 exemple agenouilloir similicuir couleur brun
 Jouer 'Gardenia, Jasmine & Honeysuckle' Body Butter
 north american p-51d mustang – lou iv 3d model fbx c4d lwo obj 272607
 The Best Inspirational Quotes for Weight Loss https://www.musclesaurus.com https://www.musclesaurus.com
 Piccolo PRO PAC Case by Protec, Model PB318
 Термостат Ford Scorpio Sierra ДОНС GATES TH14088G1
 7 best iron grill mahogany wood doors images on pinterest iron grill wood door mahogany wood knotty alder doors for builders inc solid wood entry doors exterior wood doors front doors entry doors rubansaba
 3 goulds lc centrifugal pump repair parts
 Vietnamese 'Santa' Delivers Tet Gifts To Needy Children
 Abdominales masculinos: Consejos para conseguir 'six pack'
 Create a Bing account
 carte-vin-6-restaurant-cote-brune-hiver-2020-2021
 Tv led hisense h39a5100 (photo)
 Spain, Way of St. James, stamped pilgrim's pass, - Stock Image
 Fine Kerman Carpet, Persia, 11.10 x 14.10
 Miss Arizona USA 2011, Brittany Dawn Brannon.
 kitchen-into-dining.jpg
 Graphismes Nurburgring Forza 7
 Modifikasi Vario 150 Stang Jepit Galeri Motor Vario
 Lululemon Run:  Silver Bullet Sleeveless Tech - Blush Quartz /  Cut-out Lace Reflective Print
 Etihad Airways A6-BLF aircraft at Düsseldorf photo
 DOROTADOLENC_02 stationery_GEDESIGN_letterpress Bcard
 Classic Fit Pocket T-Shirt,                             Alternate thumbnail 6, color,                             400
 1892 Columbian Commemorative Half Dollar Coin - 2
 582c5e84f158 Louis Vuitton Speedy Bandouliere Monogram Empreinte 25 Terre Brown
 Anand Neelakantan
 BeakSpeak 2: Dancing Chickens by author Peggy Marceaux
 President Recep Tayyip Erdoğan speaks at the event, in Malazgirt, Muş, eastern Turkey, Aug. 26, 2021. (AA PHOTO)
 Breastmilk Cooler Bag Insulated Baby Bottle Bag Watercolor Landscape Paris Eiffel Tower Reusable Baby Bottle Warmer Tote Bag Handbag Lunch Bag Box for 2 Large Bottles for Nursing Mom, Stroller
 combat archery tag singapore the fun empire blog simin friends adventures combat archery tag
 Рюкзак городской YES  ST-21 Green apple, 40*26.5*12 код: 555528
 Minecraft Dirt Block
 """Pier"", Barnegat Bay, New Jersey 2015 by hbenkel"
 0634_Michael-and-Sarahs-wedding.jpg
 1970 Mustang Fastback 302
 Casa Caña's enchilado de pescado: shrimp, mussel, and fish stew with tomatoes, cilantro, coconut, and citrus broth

● EXERCISE BRIEF:
Quote only the lines from the line containing "Breastmilk Cooler Bag" through the end of the entries, keeping the first and the last.

● RESPONSE:
 Breastmilk Cooler Bag Insulated Baby Bottle Bag Watercolor Landscape Paris Eiffel Tower Reusable Baby Bottle Warmer Tote Bag Handbag Lunch Bag Box for 2 Large Bottles for Nursing Mom, Stroller
 combat archery tag singapore the fun empire blog simin friends adventures combat archery tag
 Рюкзак городской YES  ST-21 Green apple, 40*26.5*12 код: 555528
 Minecraft Dirt Block
 """Pier"", Barnegat Bay, New Jersey 2015 by hbenkel"
 0634_Michael-and-Sarahs-wedding.jpg
 1970 Mustang Fastback 302
 Casa Caña's enchilado de pescado: shrimp, mussel, and fish stew with tomatoes, cilantro, coconut, and citrus broth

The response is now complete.